Unanimously, modern textbooks delineate and frame this topic as the theory of Special Relativity. Physics and engineering students in universities are not shown a "principle of relativity". Students are instead exposed to momentum 4-vectors. The tails of the vectors are on the here-and-now event, and the heads point somewhere else in Minkowski spacetime. The same Minkowski spacetime that Albert E referred to as superfluous erudition.

So what did Einstein really even contribute to physics after all this? The answer is that he contributed some key foundational ideas and insights... which later formed the foundations of a modern theory we call Special Relativity. In 1905, Albert Einstein believed he was submitting papers to the Annalen der Physik on the topic of electrodynamics (what we now call electromagnetism). Very much like the historical foundations of quantum mechanics, the very men who we popularly associate with these theories sometimes even rejected their more mainstream interpretations. Or rejected them at first, and later changed their minds, (or possibly more complex events.)
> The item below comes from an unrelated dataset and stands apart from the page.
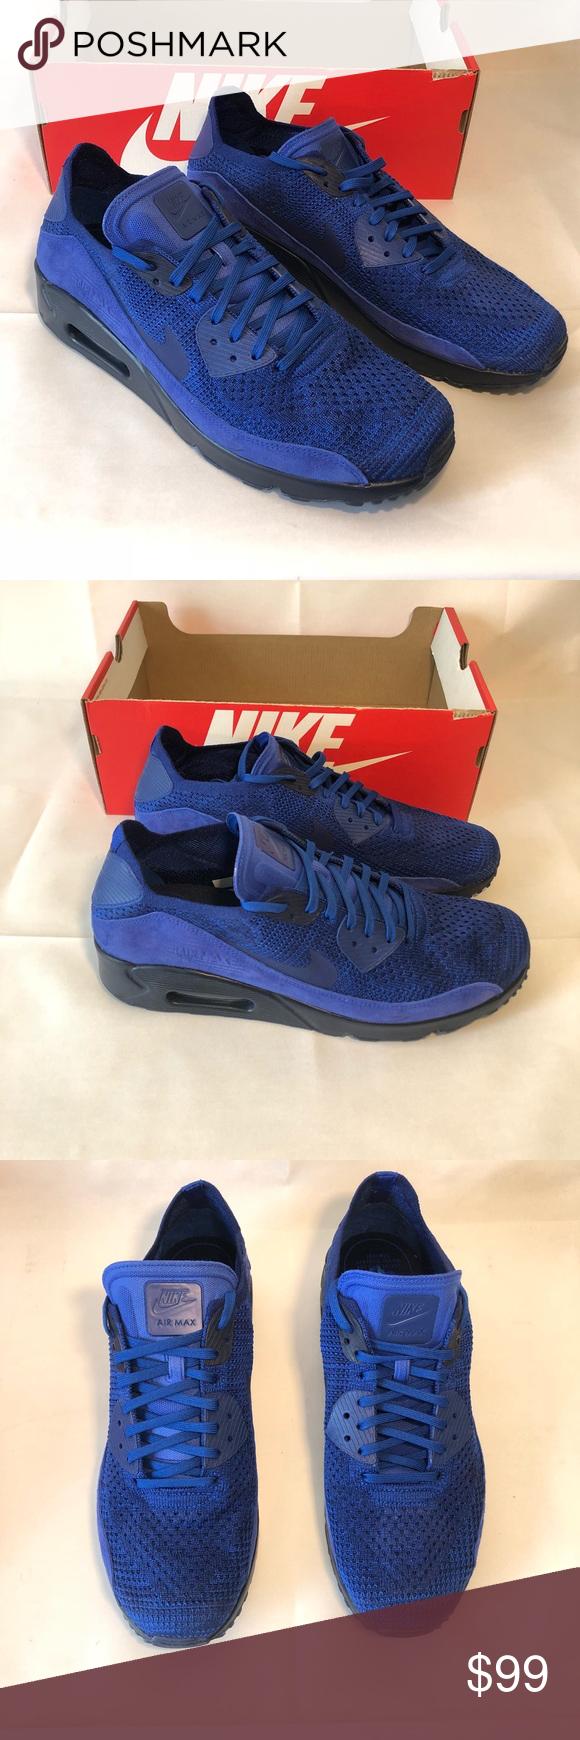 0fc728485dd74 Nike Air Max 90 Ultra2.0 Flyknit 875943-Blue Royal Nike Air Max 90 ...

Paul Dirac's work was the key catalyst for the discovery of anti-matter. However Dirac himself couldn't see it. He may have even initially rejected the idea that positively-charged holes in a "sea of charge" could be a particle. It was in fact one of Dirac's Phd students who was the loudest proponent of the positron. That student's name : Robert Oppenheimer.

So yeah. History is a complicated and often dramatic and surprising. People change their minds, insights and ideas are formed by single people, but then groups of others seize control of them and develop them in new and unforseen directions. On the way, the personal opinions and prejudices and nuances of those people infect the theory and modify it reception within the scientific community. Sometimes even ideas are outright stolen. It's a big loud mess. Colorful characters, drama, intrigue.